Kendall's Shape Space

What is the "shape" of an object? While intuitively simple, this question poses a significant challenge for scientists seeking to compare biological forms objectively. A fossil jaw in one museum and its counterpart in another may differ in size, position, and orientation, but their fundamental shapes hold the key to understanding evolutionary change. The problem lies in developing a rigorous method to isolate these essential geometric properties from what are considered "nuisance" variables. Kendall's shape space provides the elegant mathematical solution to this very problem.

This article explores the theory and application of Kendall's shape space, a cornerstone of the field known as geometric morphometrics. It bridges the gap between the abstract world of high-dimensional geometry and the tangible questions of biological science. Across the following chapters, you will discover the complete process of translating physical forms into analyzable data. The first chapter, "Principles and Mechanisms," will unpack the mathematical foundation, explaining how information is systematically discarded to define shape, how objects are aligned using Procrustes analysis, and how the resulting "shape space" is constructed and navigated. Following this, the "Applications and Interdisciplinary Connections" chapter will demonstrate how this powerful framework is used to answer real-world questions in evolution, genetics, and paleontology, transforming abstract points in space into profound insights about the living world.

What is "shape"? The question seems almost childishly simple, yet the journey to a precise answer takes us to the heart of modern geometry and statistics. Think about a photograph of your hand. If you move closer to it, the image of your hand gets bigger. If you rotate the photo, its orientation changes. If you slide it across the table, its location is different. In all these cases, something has changed, but the essential "hand-ness"—its shape—has not.

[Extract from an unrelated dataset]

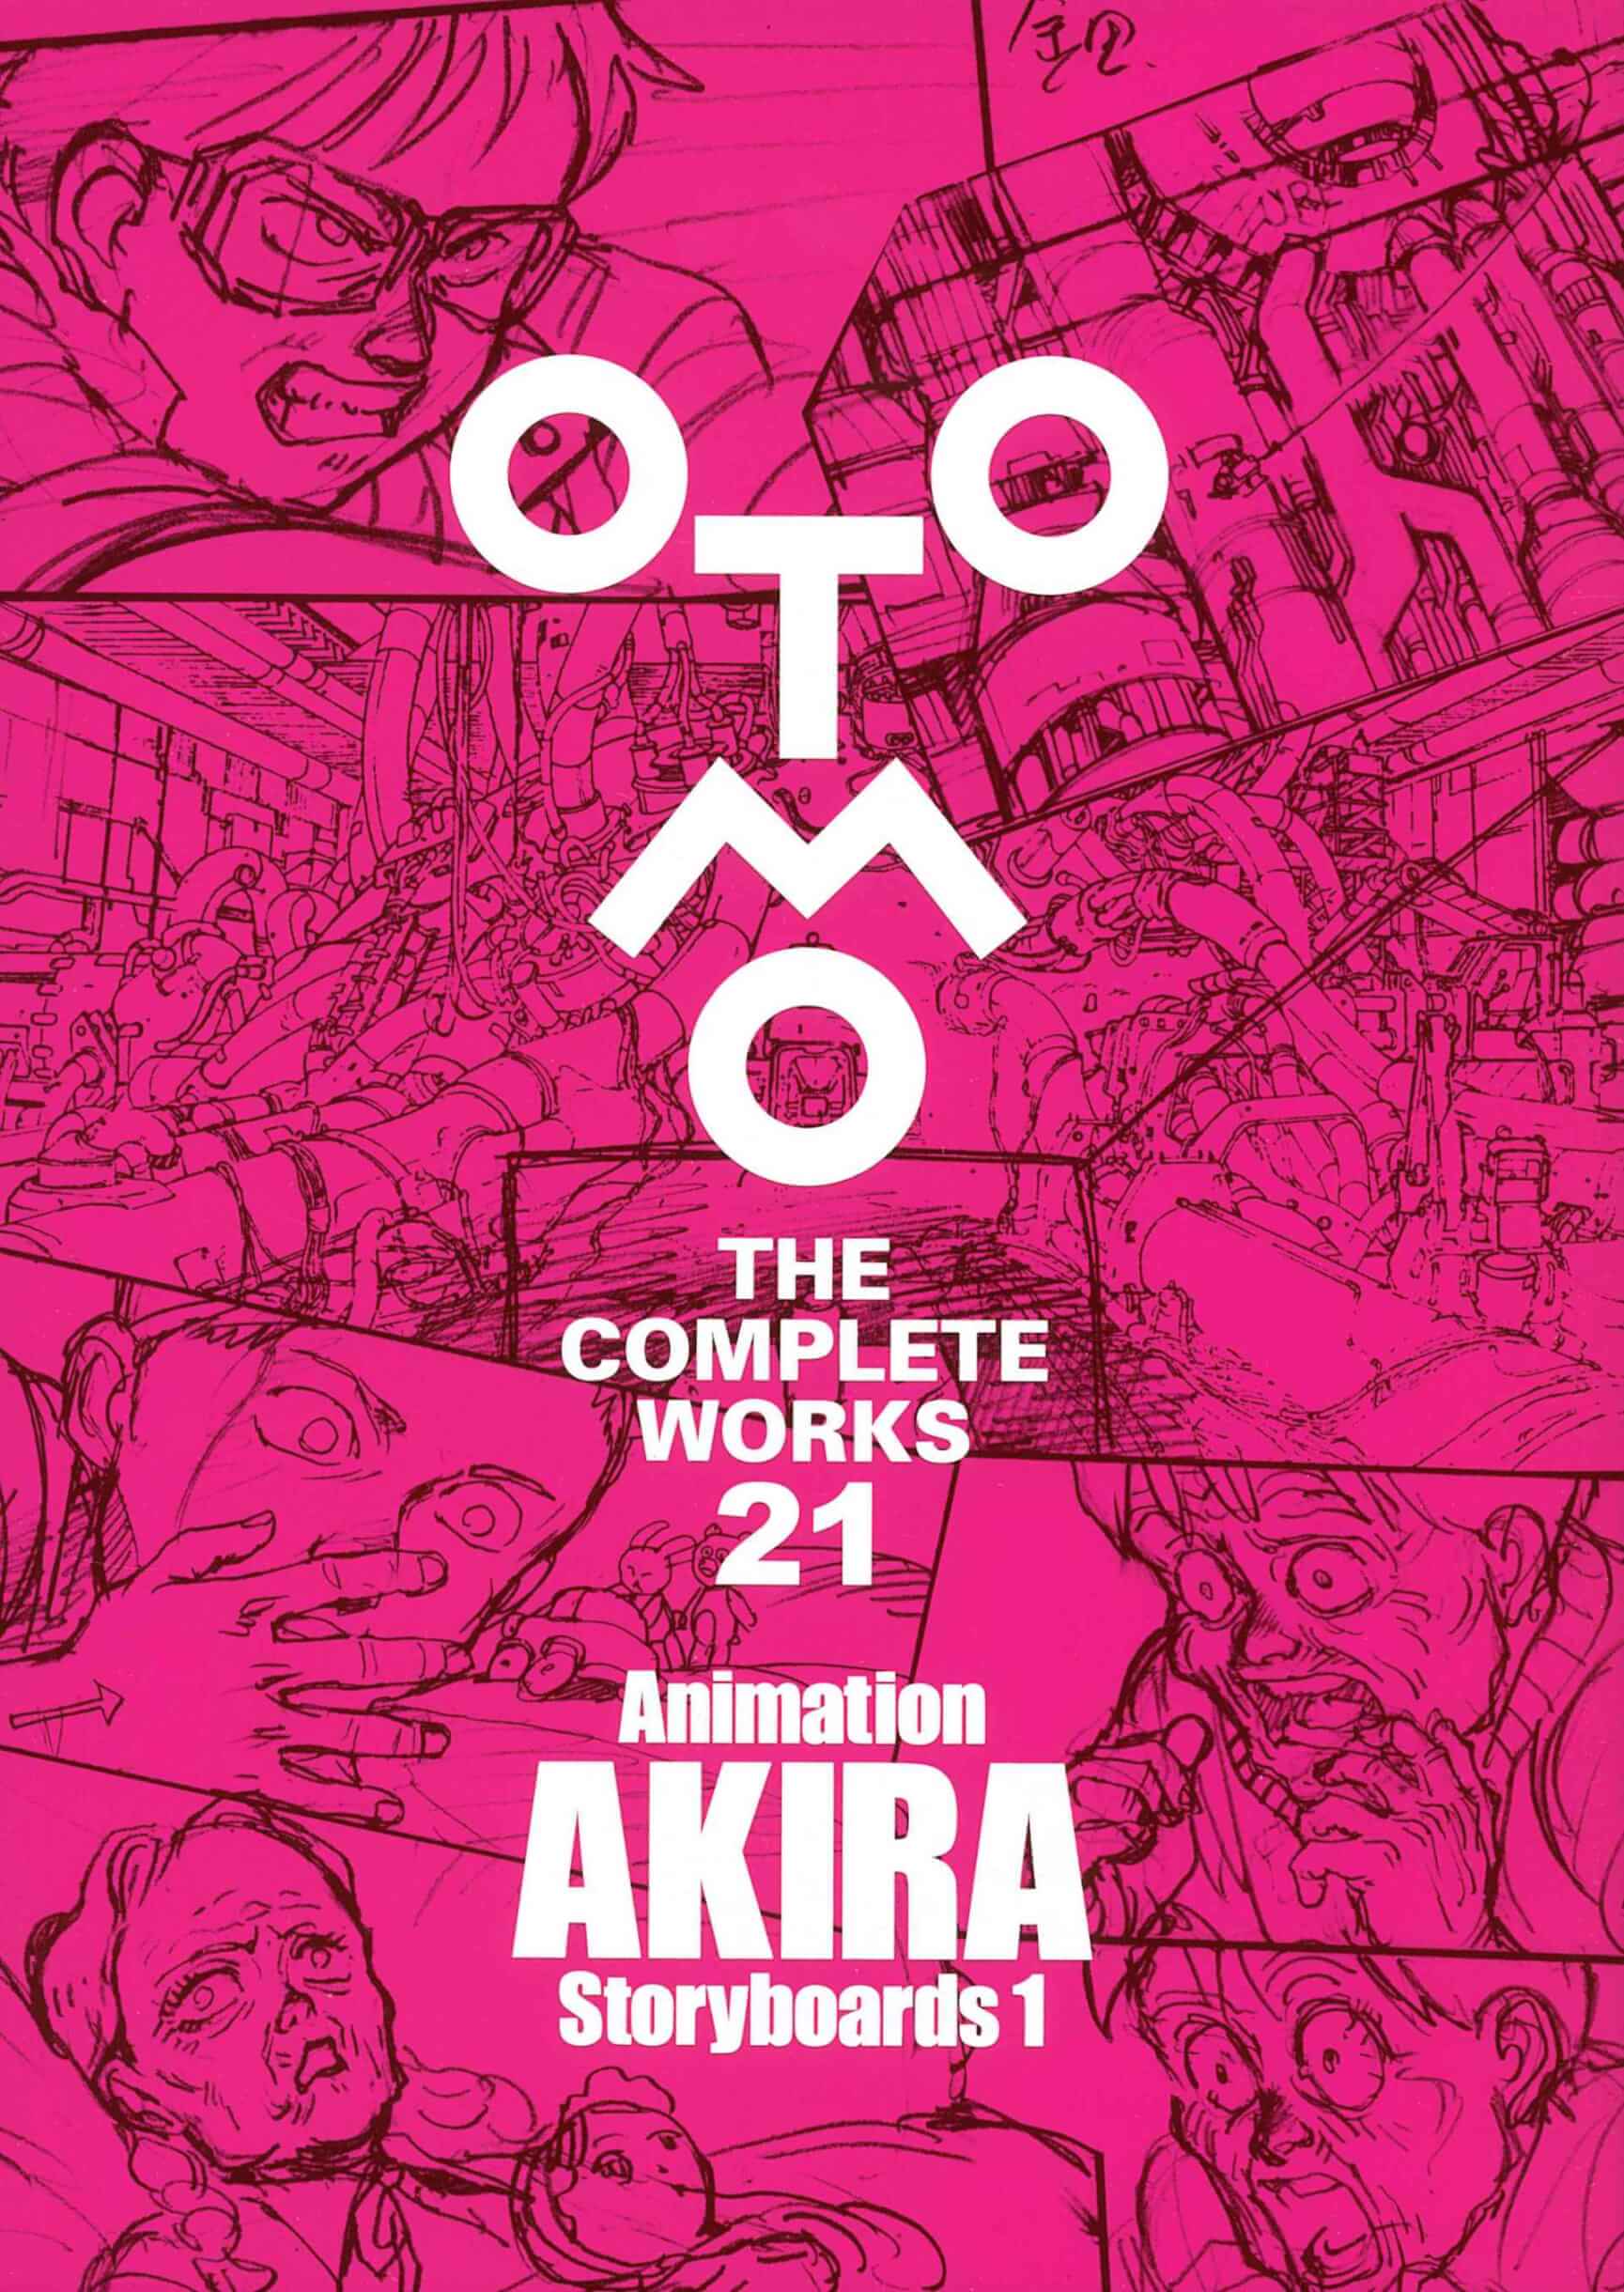 大友克洋全集『OTOMO THE COMPLETE WORKS』が2冊同時刊行開始

Science, at its best, is about identifying what is fundamental by learning what to ignore. In the study of shape, we are interested in the geometry of an object that is invariant under these everyday transformations: location, size, and orientation. To study shape is to master the art of purposefully throwing away information.

Let's make this concrete. Imagine a biologist studying the evolution of a fish jaw. They can't compare two fossil jaws if one is in a drawer in London and the other in a museum in Tokyo. They can't meaningfully compare them if one is photographed from twice as far away as the other, or if one is simply rotated 90 degrees. To compare their shapes, we must first strip away these "nuisance" variables.

The modern approach, called ​​geometric morphometrics​​, does this using a set of corresponding points, or ​​homologous landmarks​​. For the fish jaw, these might be the tip of a particular tooth, the hinge point, and so on. We represent an object not as a continuous outline, but as a collection of these landmark coordinates, a configuration of points in space. Let's say we have $k$ landmarks in $m$-dimensional space (for a 2D image, $m=2$; for a 3D scan, $m=3$). Our object is now a list of $mk$ numbers.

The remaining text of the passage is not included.